Call it a conversation, the relationship between writer and reader, with the text serving as the object of discussion. In this conversation there is a great deal of room for interpretation, and if we widen the circle of our conversation to a classroom or a book group, then the possibilities for rich exchange and deeper understanding of the text are multiplied. We engage in a collaborative search for meaning that has the potential to widen the scope of our perception and unlock new dimensions of a text that previously went unnoticed.

Questions are the fuel of inquiry-based instruction, not so much procedural or factual questions but rather those questions that demand critical thinking or abstract reasoning. Shared Inquiry™, the learning method developed by the Great Books Foundation, uses careful and deliberate questioning to explore multiple levels of meaning in a text, and at the heart of Shared Inquiry is participation for all. We ask teachers to formulate and ask questions that guide an all-inclusive, collaborative search for meaning. Such discussions, we believe, build a field of action for critical thinking skills. This is especially true when the questions asked about a text invite students to participate in an act of exploration or, in more specific terms, allow students to open a range of interpretations that make meaning out of unfamiliar and seemingly inchoate information. Cognitive development depends on this sort of practice, as does skillful social functioning—and we must not forget that the habits of inquiry taken to their ultimate expression make for knowledgeable and engaged citizens.

Consider Shared Inquiry in relation to empathy and social functioning. In the discussion of a novel or a story, questions aimed at character motivation or a character’s psychological condition ask students to form a theory of mind or, in other words, to imagine the specifics of a character’s interior or mental state. Simply put, theory of mind is the ability to make sensible claims about the mental states of others. Any time we consider why so-and-so said or did something that on the surface seems difficult to understand, we are demonstrating our theory of mind capabilities. Trying to understand the mental states of others, the emotions and motivations of others, is a step toward empathy, cooperation, and community. In this way, Shared Inquiry discussion, particularly when it probes motivations, intentions, and psychological perspectives, can assess and cultivate theory of mind capabilities and, within the broader conditions for critical thinking, create an environment where skillful social functioning can be modelled and practiced.

In inquiry-based instruction and especially in Shared Inquiry, everyone at the table or in the circle has the opportunity to participate by sharing knowledge and ways of thinking about the world.

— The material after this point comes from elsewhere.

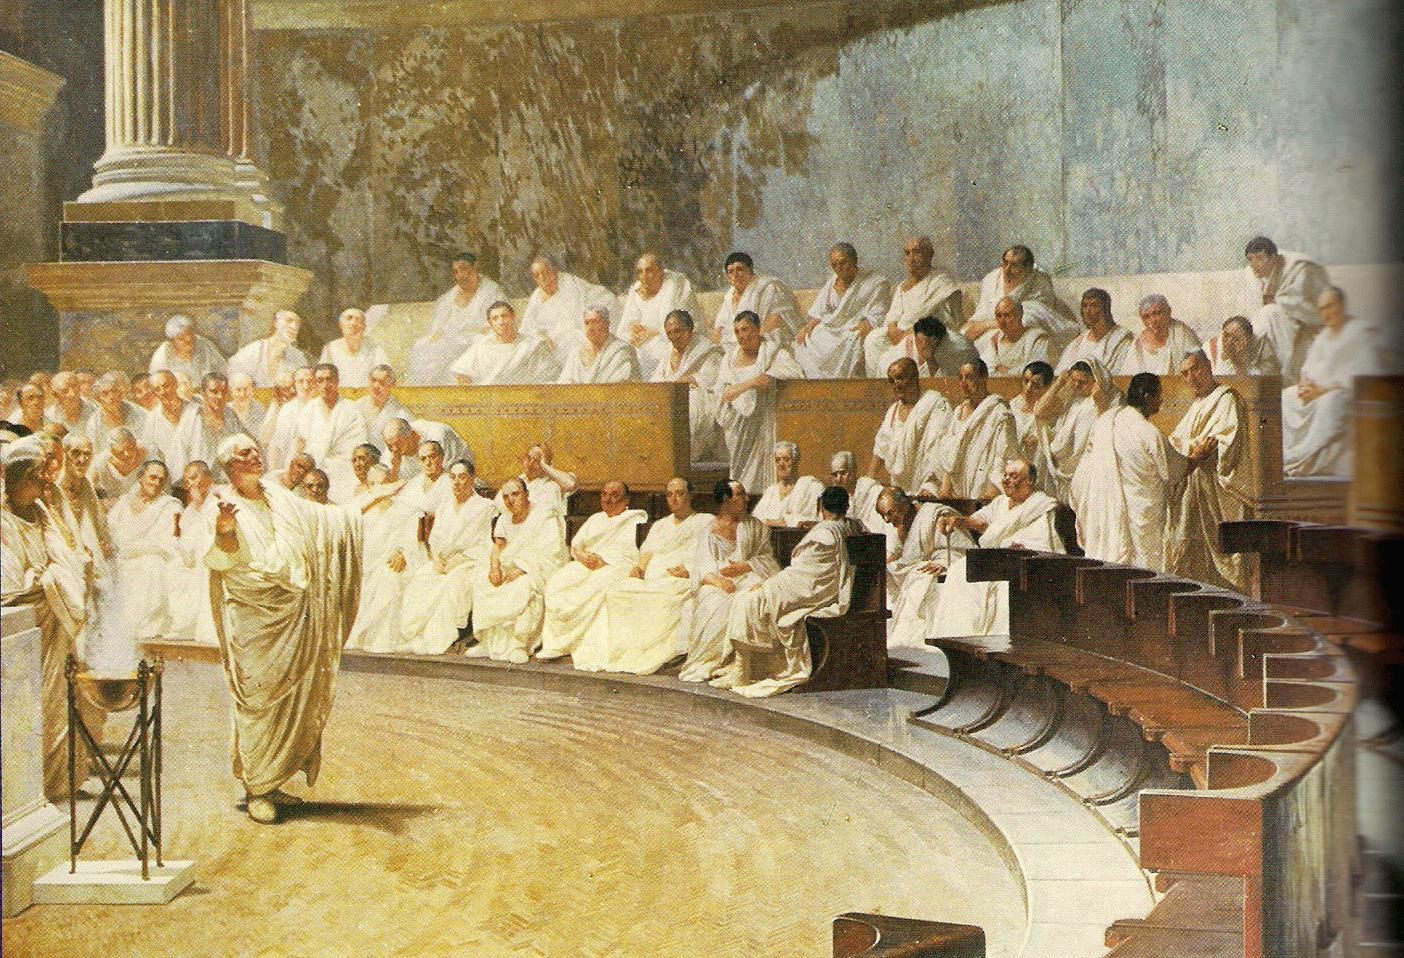 Elementary School Students Score Better Than Adults on This General Knowledge Quiz Roman Senate

This in itself is a liberating experience. Students feel free to share ideas, test speculations, and cite evidence to support their claims. Students enjoy the benefits of the group’s overall effort, promoting a sense of community and common purpose. There is often an egalitarian spirit in such discussions, a freedom to take risks that emerges from the growing respect that everyone feels for all members of the group. When the conversation that initially began between writer, text, and reader moves to a classroom or community forum in this manner, then we see through action that a democratic impulse lives at the heart of Shared Inquiry. Indeed, I have heard some people say at the close of a discussion that “Shared Inquiry is democracy.”

The progress from questioning to collaborative learning, from personal curiosity to cultural understanding, is a movement toward making ourselves and our society whole. Shared Inquiry is, I believe, an important step toward equity and wholeness—participation for all. It is an expression of the democratic impulse, and its emphasis on critical thinking, exploration, and discovery empowers students of all ages to think first for themselves and eventually for the common good.